February 9, 2004 at 9:11 pm
I'm not entirely sure if this is the right place to ask this but here goes.
My company's website has a search function that searches our product database for customers. Currently we're using SQL Server's Full-Text Index to implement this functionality. I want to know if there's a better way. If there is, I want to know how to implement it. If there isn't, I would like to know how to optimize FTI.
I do realize that there's probably no "right" answer. With computers, there usually isn't. So guidelines, experiences of others, etc. would be very helpful. Also, any books on searching that I could get would also help.
Thanks for any help you can provide.
James Loesch
James C Loesch
February 10, 2004 at 1:23 am
James,
If your product database is not too big and the varchar/text fields aren't too big and the searches can be satisfied with LIKE clauses then that could be the way to go.
(notice I didn't quantify "too big". it varies. :confused
As soon as you notice significant load from scans caused by LIKE searches then it's probably time to think about full text search. But, with FT there's the overheads of extra memory and CPU requirements and decisions about when to update indexes (I recommend background updates) and all the disaster recovery and failover stuff that goes with having extra bits tacked on to SQL Server.
If you're using text fields, explore the text-in-row option.... I've seen it save plenty of SQL resources in some sites.
Cheers,
- Mark
February 10, 2004 at 9:15 am
Full-text search allows word- or phrase-based indexing of character data in Microsoft® SQL Server™ 2000 tables. Full-text search consists of these basic components:
If you are full-text indexing tables that have less than a million rows, very little performance tuning is required. If you full-text index large SQL Server tables that contain millions of rows that create large full-text catalogs, this will sustain heavy read and write activity, so you must configure SQL Server and the full-text catalogs to maximize disk I/O performance by load balancing across multiple hard disk drives. You will also need to consider hardware configurations, Microsoft Windows® 2000 or Windows NT® 4.0 system configurations, and SQL Server 2000 configurations, as well the actual location of the full-text catalogs and database files.
Hardware Considerations
Windows 2000 or Windows NT 4.0 System Configuration Considerations
SQL Server Configuration Considerations
Full-Text Indexing and Catalog Considerations
If you are attempting to limit the results from a full-text query with additional WHERE clauses, the WHERE clauses are applied after the JOIN with the SQL table results, not before. Otherwise, the result set would be incorrect because qualifying rows would be omitted from the result set without any notification to the client. To limit the results from a full-text search query, use the Top_N_Rank parameter from the CONTAINSTABLE or FREETEXTTABLE predicates.

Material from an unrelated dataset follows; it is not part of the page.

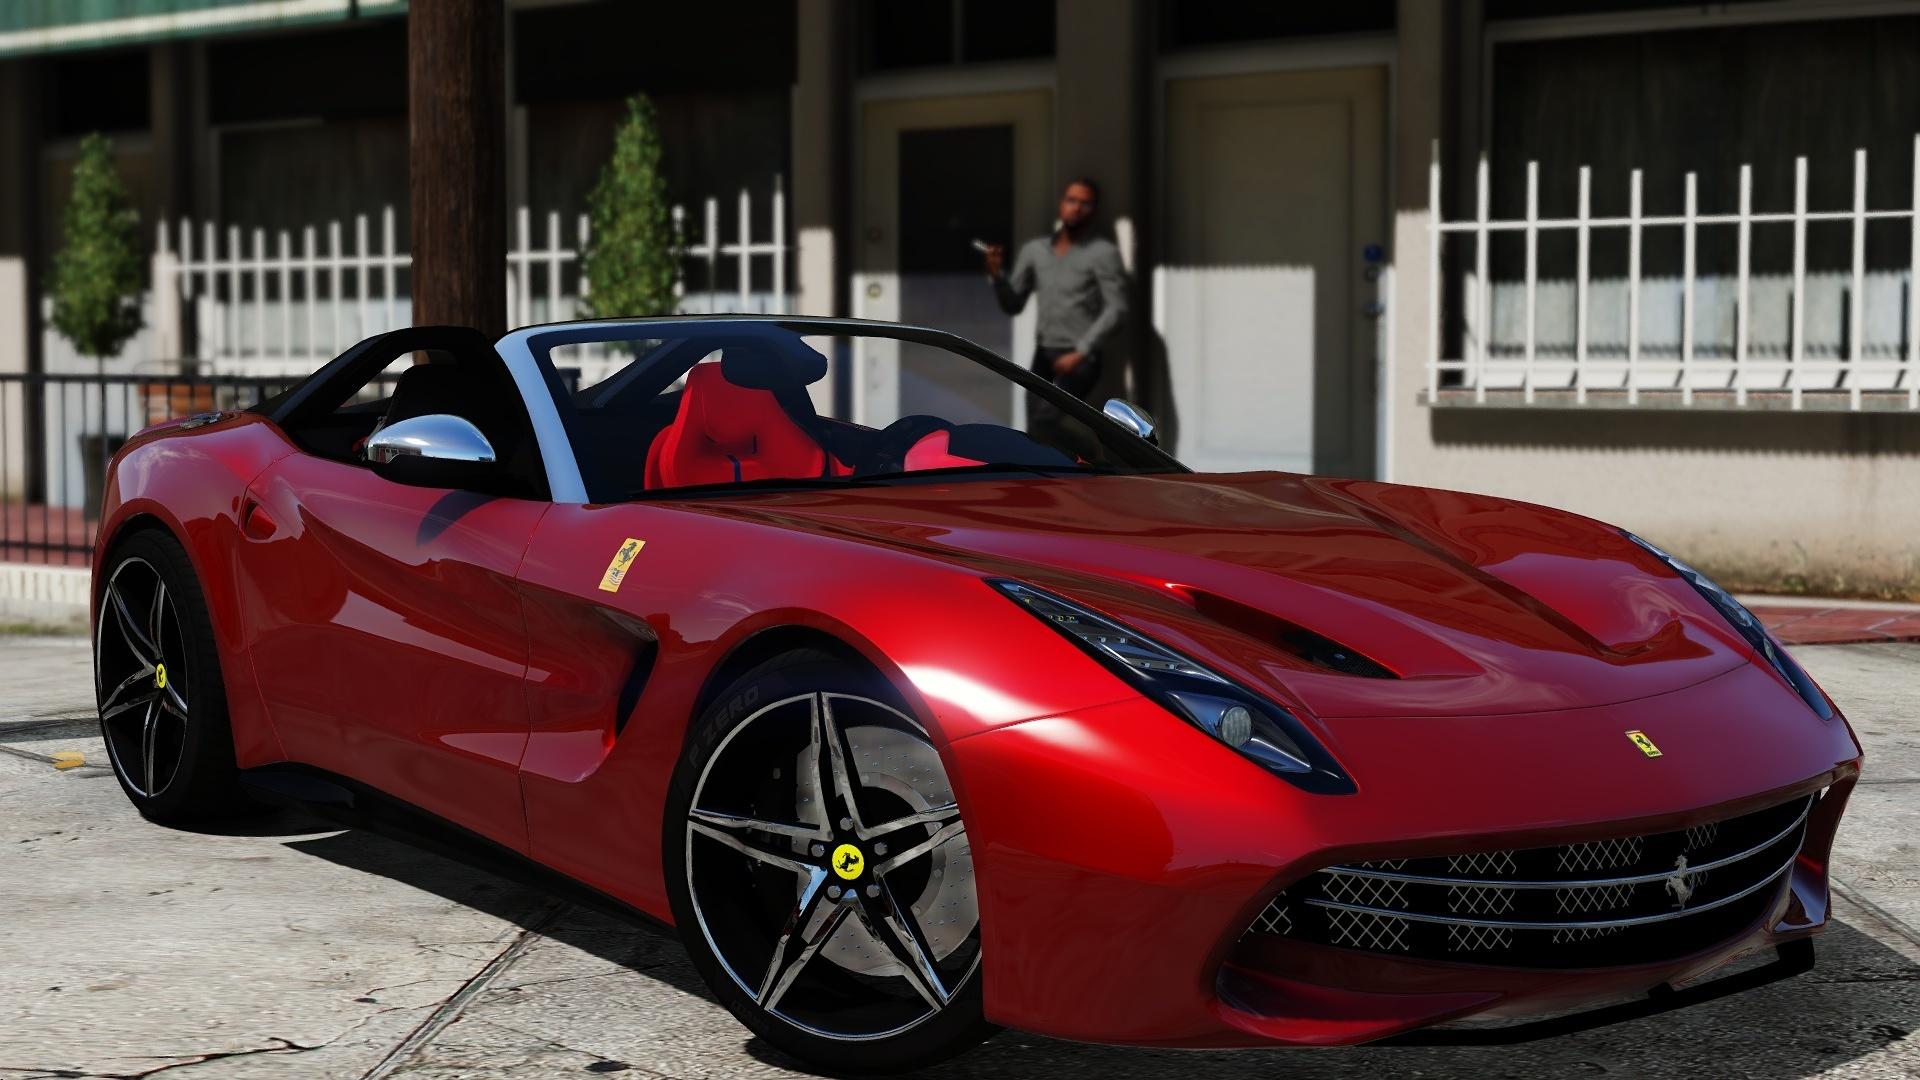 The Ferrari F60

You also may encounter Error 7619, "The query contained only ignored words" when using any of the full-text predicates in a full-text query, such as CONTAINS(pr_info, 'between AND king'). The word "between" is an ignored or noise word and the full-text query parser considers this an error, even with an OR clause. Consider rewriting this query to a phrase-based query, removing the noise word, or options offered in Knowledge Base article Q246800, "INF: Correctly Parsing Quotation Marks in FTS Queries". Also, consider using Windows 2000 Server: there have been some enhancements to the word-breaker files for Indexing Services.
There are also full-text indexing and searching considerations when determining whether to include multiple SQL tables in one full-text catalog versus one SQL table per full-text catalog. There is a trade-off between performance and maintenance when considering this design question with large SQL tables and you may want to test both options for your environment. If you choose to have multiple SQL tables in one full-text catalog, you incur the overhead of longer-running full-text search queries as well because incremental populations will force the full-text indexing of all other SQL tables in that full-text catalog. If you choose to have a single SQL table per full-text catalog and have multiple SQL tables full-text indexed, you have the overhead of maintaining separate full-text catalogs with a total limit of 256 full-text catalogs per server.